# Fluval Spec Filter Too Strong



## cowboy (Apr 14, 2013)

Hi,

I just bought a fluval spec and as I've read the filter is too strong even on the lowest setting. Just to share a tip, for the short term I bought a plastic plant that's used by turtles etc and is held on by a suction cup. The plant I thought would be far to pokie but its slowed down the water flow and the fish loves hiding in the plant. 

Hope this helps someone until they can find a permanent solution. 

Cheers


----------



## cowboy (Apr 14, 2013)

PS. the plant is the one on the right hand side


----------



## ModFish (Apr 15, 2013)

There are a few options for mods. Check this thread

http://www.bettafish.com/showthread.php?t=128565

Page 15 or 16 someone has posted the best mod I've see but takes some hunting to find the parts... Links are provided in the mod posting.

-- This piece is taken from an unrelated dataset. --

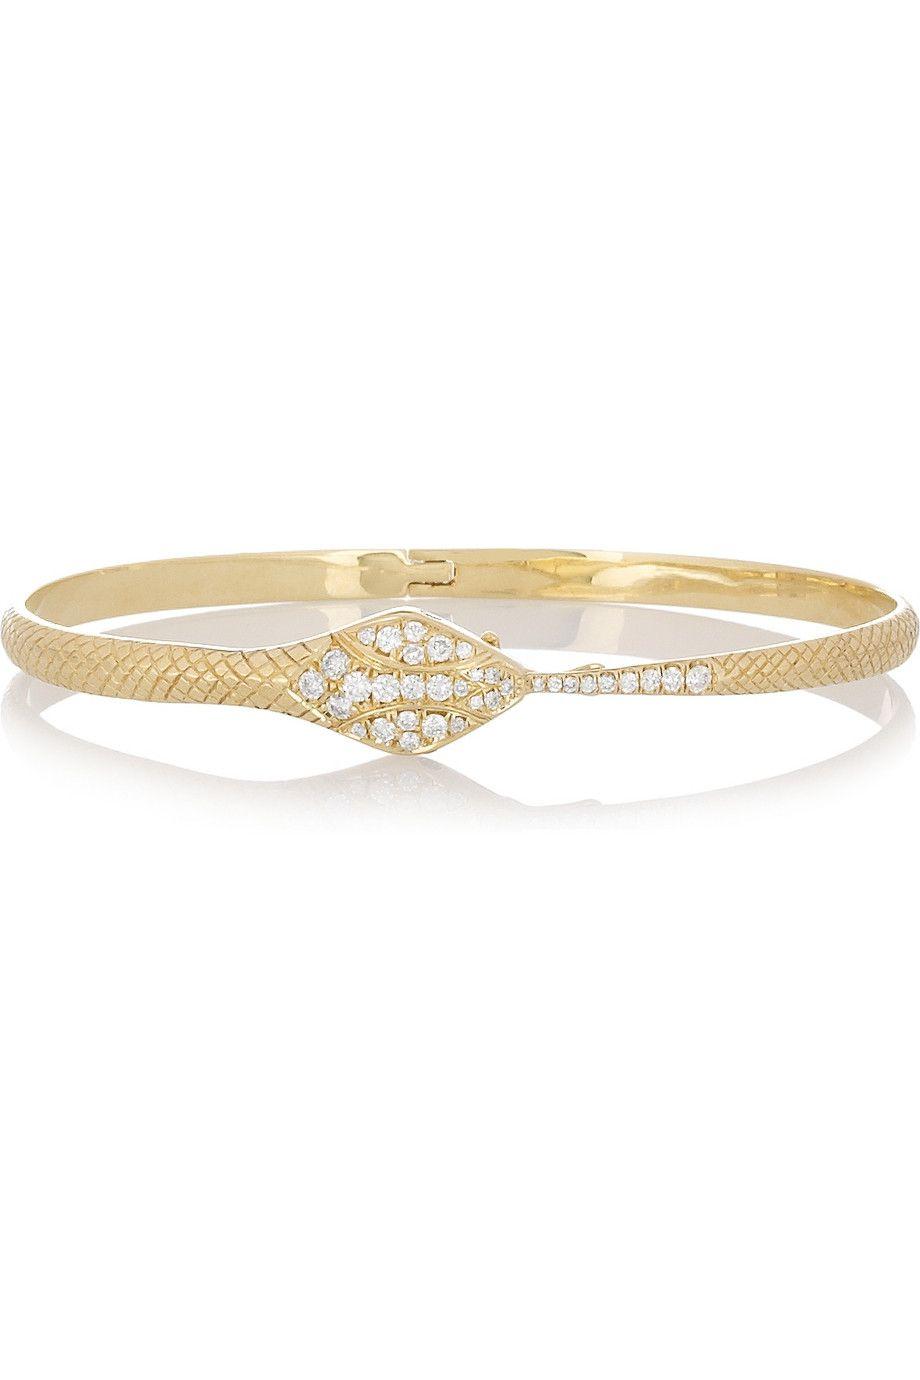 Anita Ko 18-karat Gold, Emerald And Diamond Bracelet
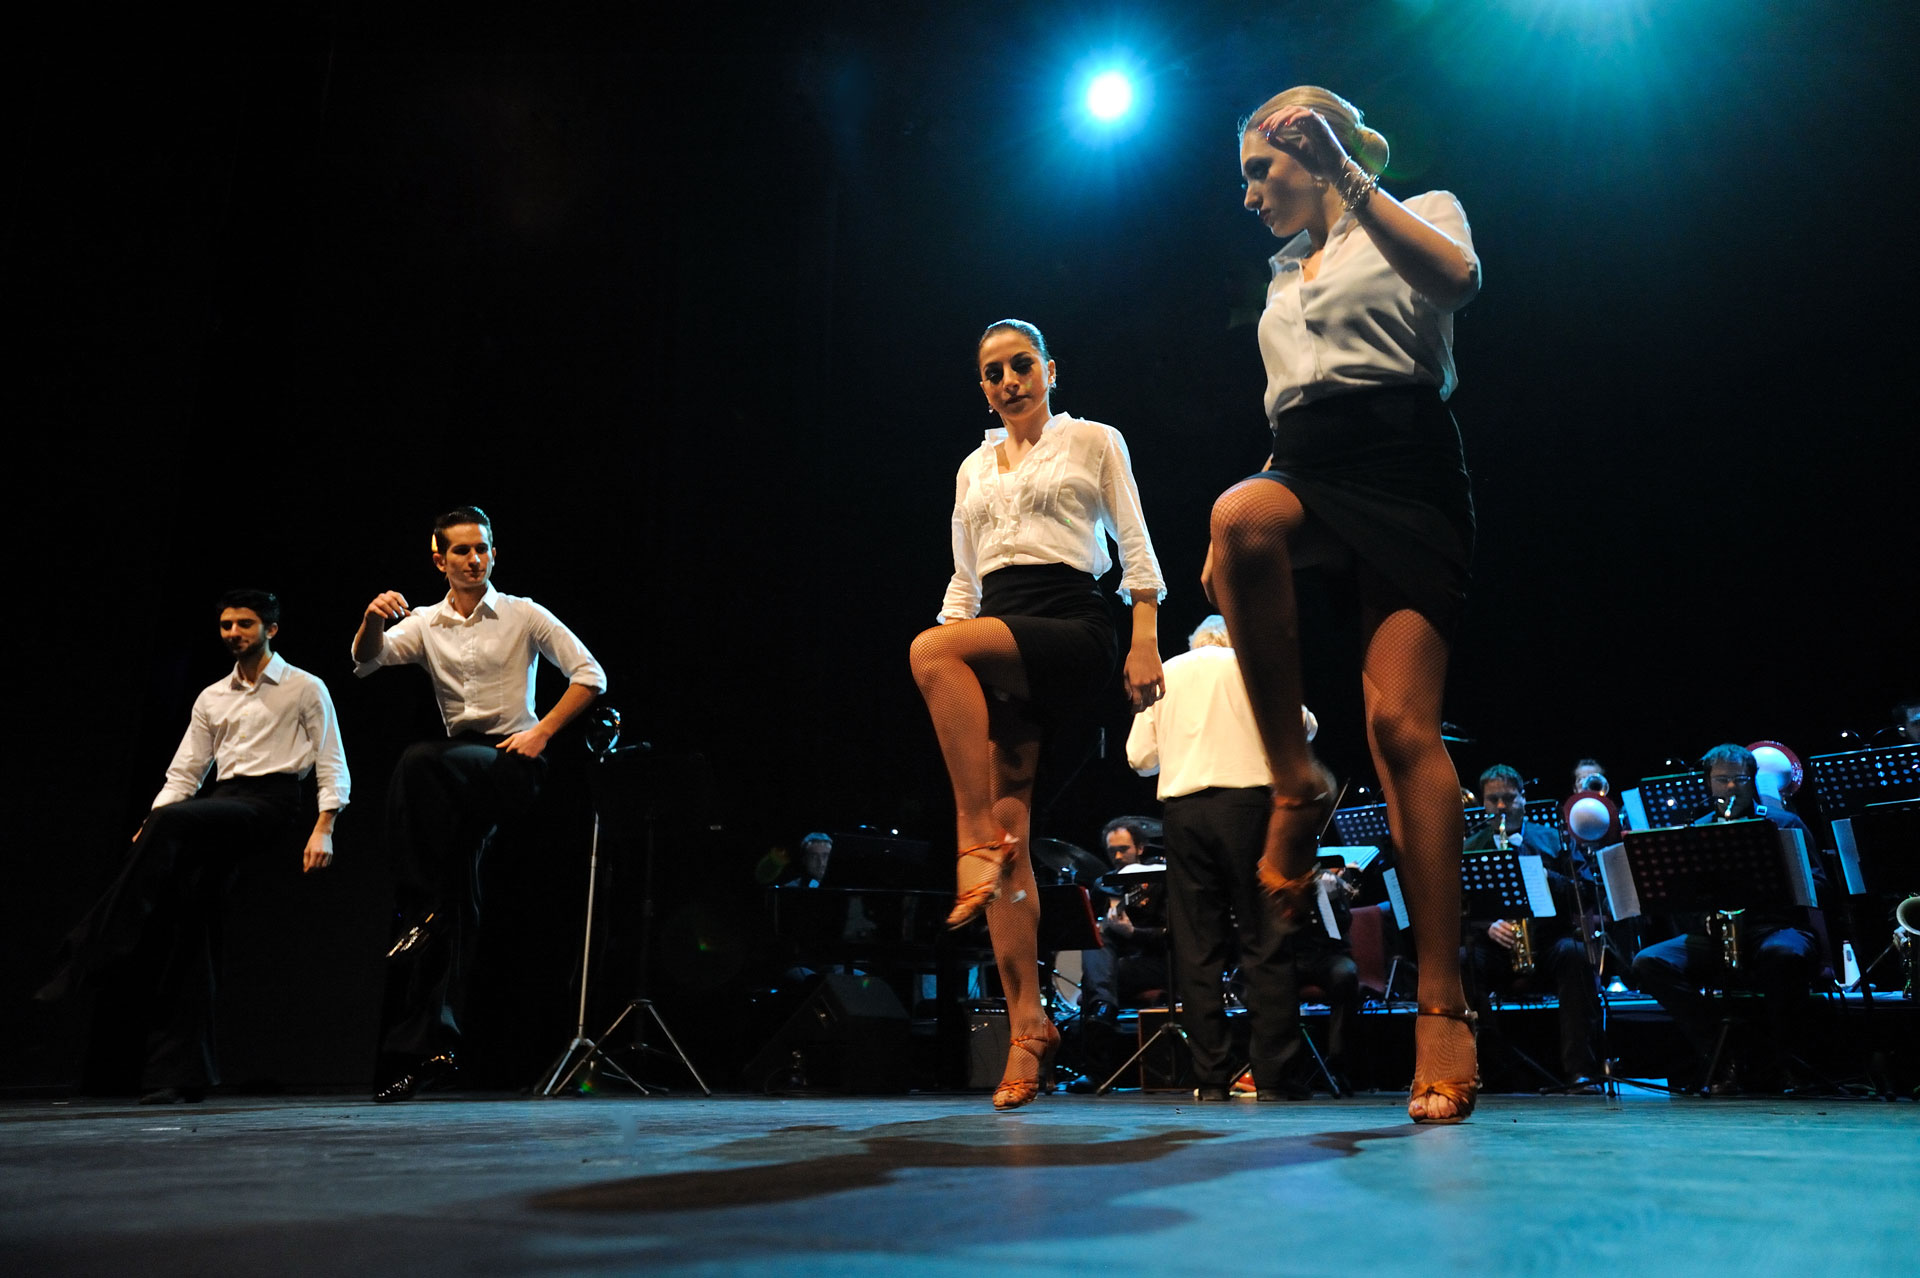 Martina-Gamboz-Interakta-Kultura_Happy-feet-Foto-Igor-Opassi_ballerine

There are several options listed here.
http://www.bettafish.com/showthread.php?t=164705

You'll really like the first link. Please participate.


----------



## cowboy (Apr 14, 2013)

*Update*

Hey, thanks for the info, really appreciate it. I bought this tank for my other boy who died the day he was supposed to go in it. I've found another mod that someone has done. They've installed the two little fishes 1/2 ball valve to the filter hose. I'm picking one up tomorrow. They are around 6 bucks in Canada.


----------



## ModFish (Apr 15, 2013)

cowboy said:


> Hey, thanks for the info, really appreciate it. I bought this tank for my other boy who died the day he was supposed to go in it. I've found another mod that someone has done. They've installed the two little fishes 1/2 ball valve to the filter hose. I'm picking one up tomorrow. They are around 6 bucks in Canada.


You might want to read Fluval thread as some people were concerned about the ball valve damaging the pump. FYI


----------



## cowboy (Apr 14, 2013)

Crap! Thank you


----------